If he doesn't then this doesn't mean that you should not get counselling, because there are two issues here, 1 marriage
is not what you want and 2 you are suffering as a consequence causing sadness, being upset and probably being annoyed,
so you need to vent with a psychologist, and by saying with a psych that doesn't mean that you stop posting on this site
asking for help and support.

Some marriages can last for 65 years because they both have an understanding with each other, my marriage lasted 25 years
but ended because she couldn't help me with my depression and I was self medicating with alcohol, I do however wish that
 we were still together but that will never happen, she was my first and only love.

I hope that you will get back to us.Geoff, x

Carmela
Blue Voices Member
Blue Voices Member
Hi, I hope l am not too late and you get a chance to read this post.  I too found myself in your very situation many years ago. My husband and l had emotionally check out but we were living under the same roof. It was painful, hopelessness set in and l found myself grieving for a marriage that was slowing decaying from our poor
communication and time together.

We saw a marriage counsellor to determine our next steps as neither of us wanted to just ‘chuck it in’ without an independent assessment. The counsellor confirmed our feelings and highlighted to us both that to achieve the happiness we both deserve, we needed to end our marriage. It took bag full of courage to pack my bags and leave but l am today so much better off for that decision. I now have true happiness, a wonderful husband and a child l adore.

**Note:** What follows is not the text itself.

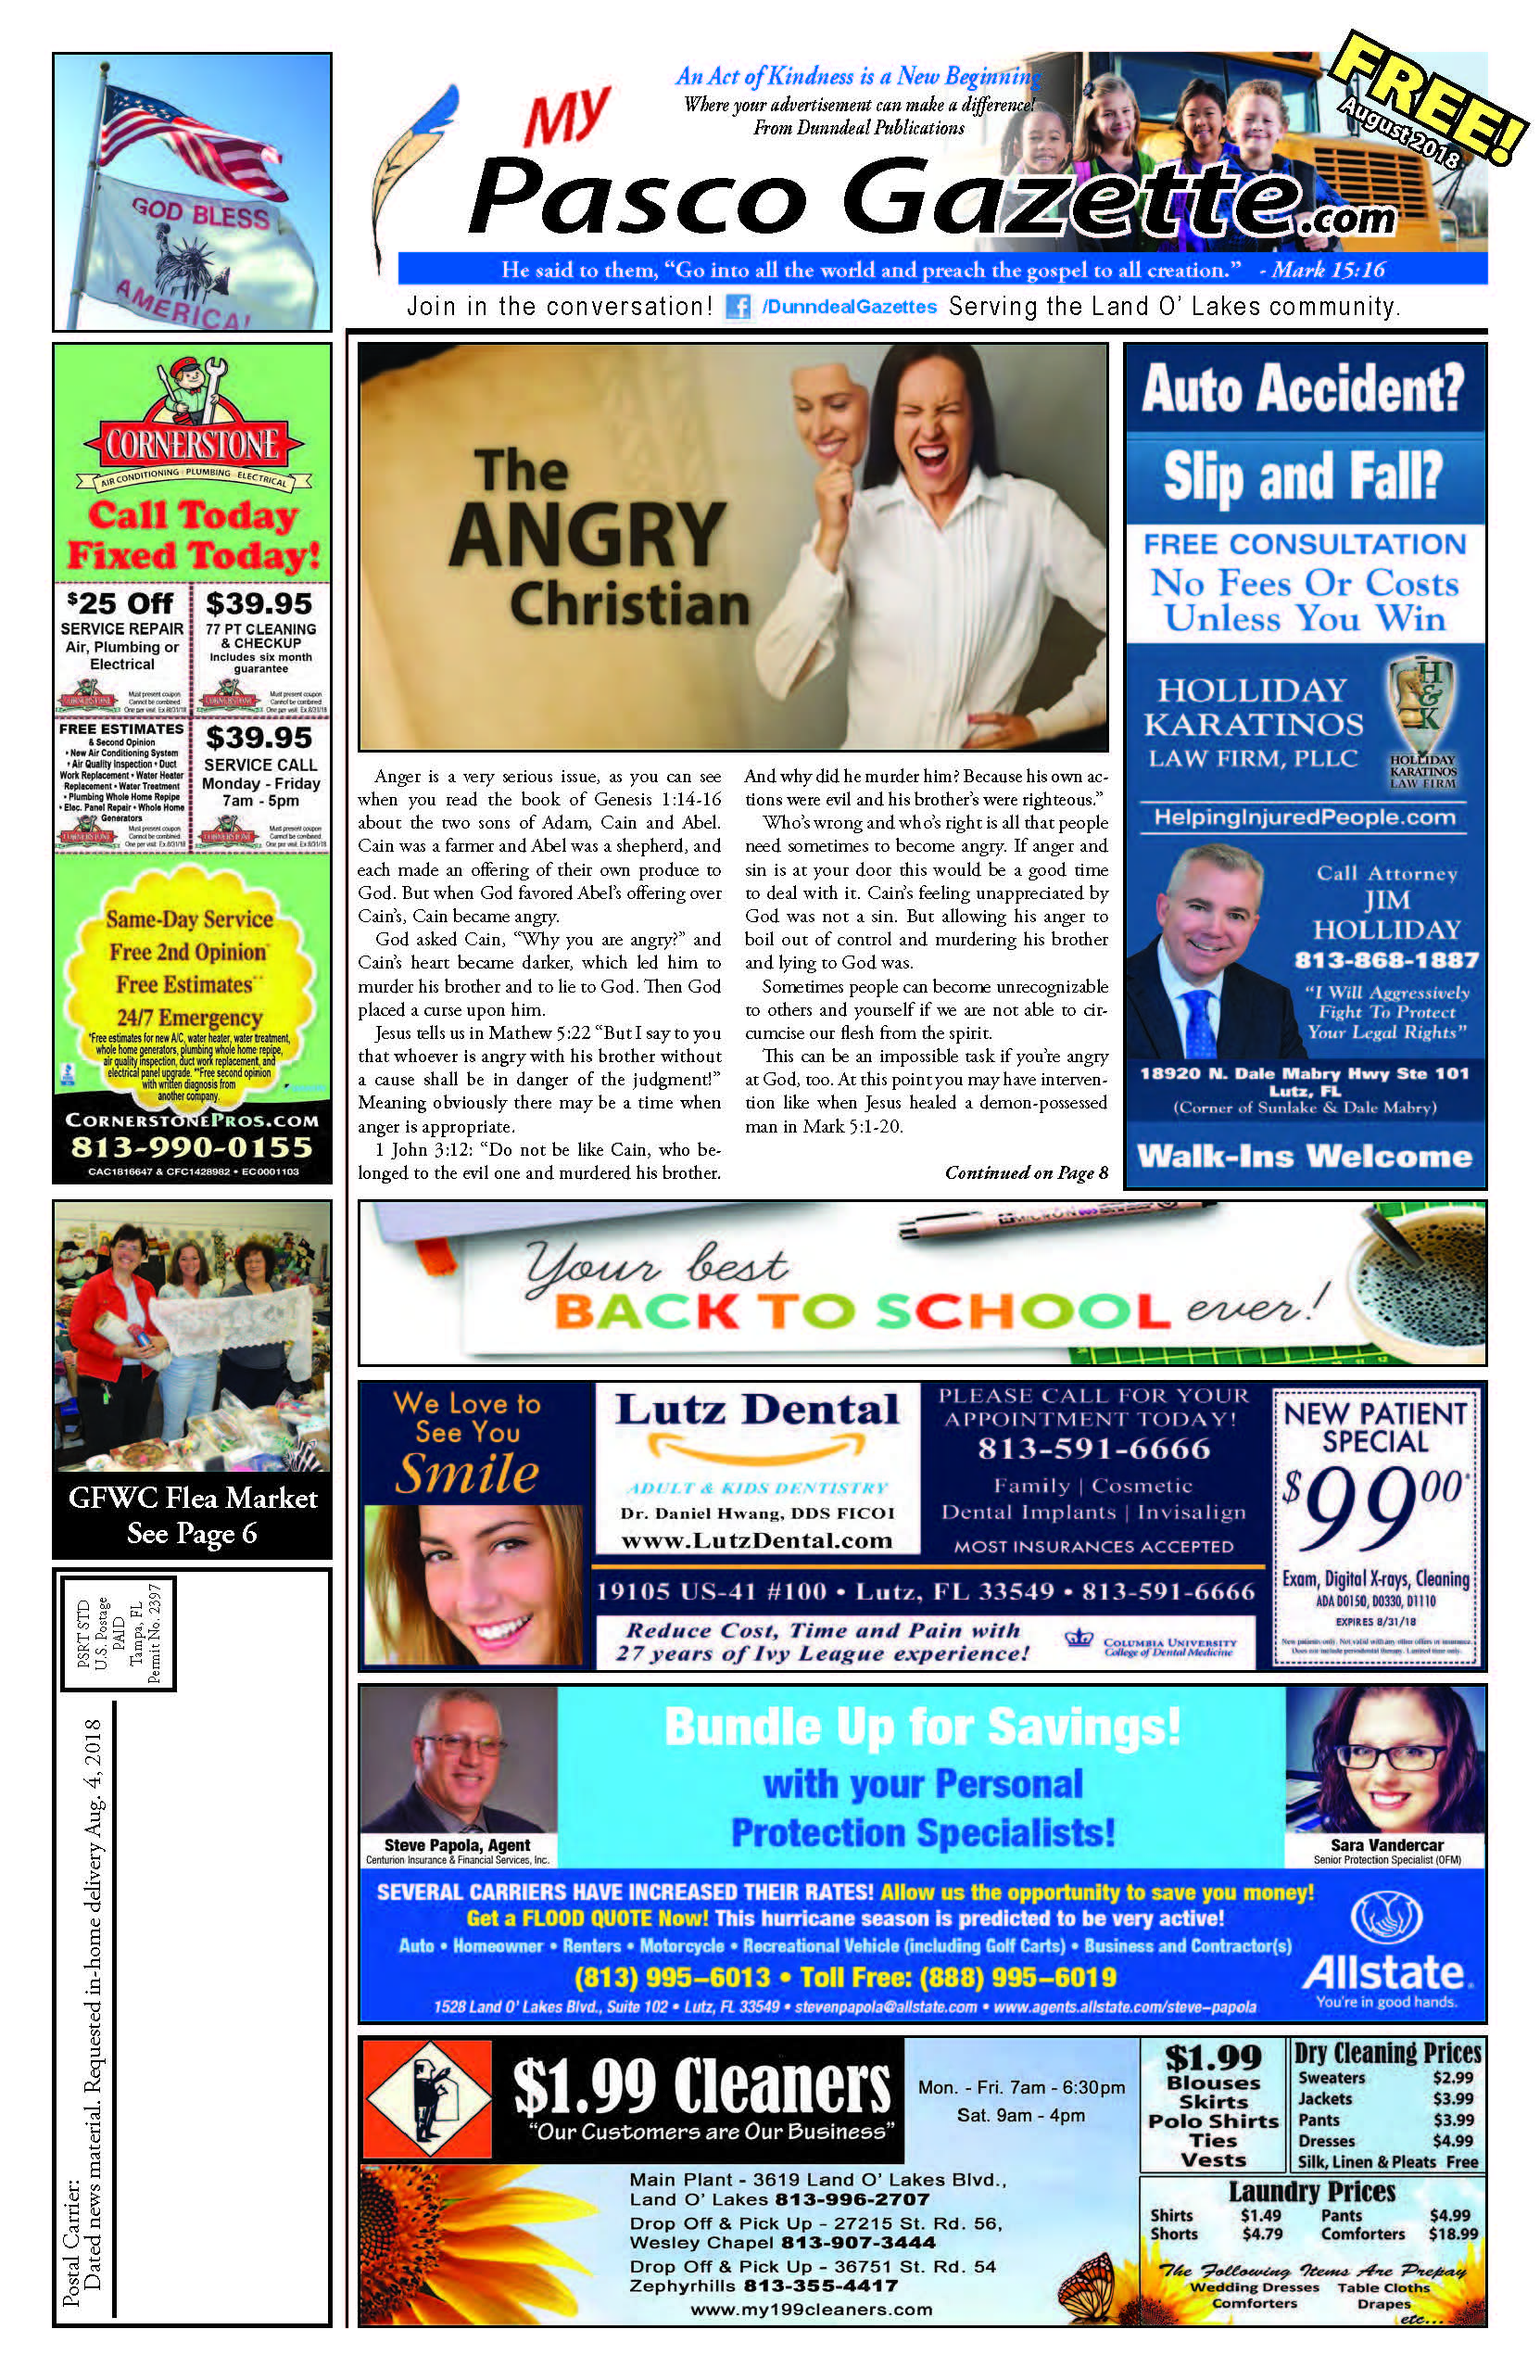 Pasco-Gazette-August-2018_Page_01.jpg

Everyone deserves happiness and true love and that includes you Princess S.  

MareeC07
Community Member

Hi Carmela,

How did you manage to find the courage to see the psychologist? I read your story and I can see so many similarities to my sister's story - except she is still married, with a 5 month old baby, and extremely unhappy. She is struggling to tell anyone how she is feeling - she's only just "broken the silence" by hinting something to me. I am trying to encourage her to see a GP so that she can get access to a psychologist, but she is terrified of speaking about her feelings. I really think she needs an independent person (i.e. a psychologist) to tell her that her marriage has to end, that she will feel horrible for a while, but then things will get better - she struggles to believe me when I tell her this. She has been unhappy in her relationship for many years...

Carmela
Blue Voices Member
Blue Voices Member

I was asked a question by a friend, 'do you want to be and feel this way in 5 or 10 years time?' Such simple words but it triggered something in me to find that courage and realise that, NO l don't want to be like this anymore.

When children are involved, l find some mothers need to ensure their child has a complete family becomes more important that her needs. Unfortunately, this really isn't good for the mum or the child as children are so receptive and in tune to their mum's feelings and sooner or later they will act out what their mum is feeling.

As your sister has started to speak, encourage her to do so and tell her that you are there for her. This reassurance will help her understand that she is not alone in her struggle and that you care enough to support her.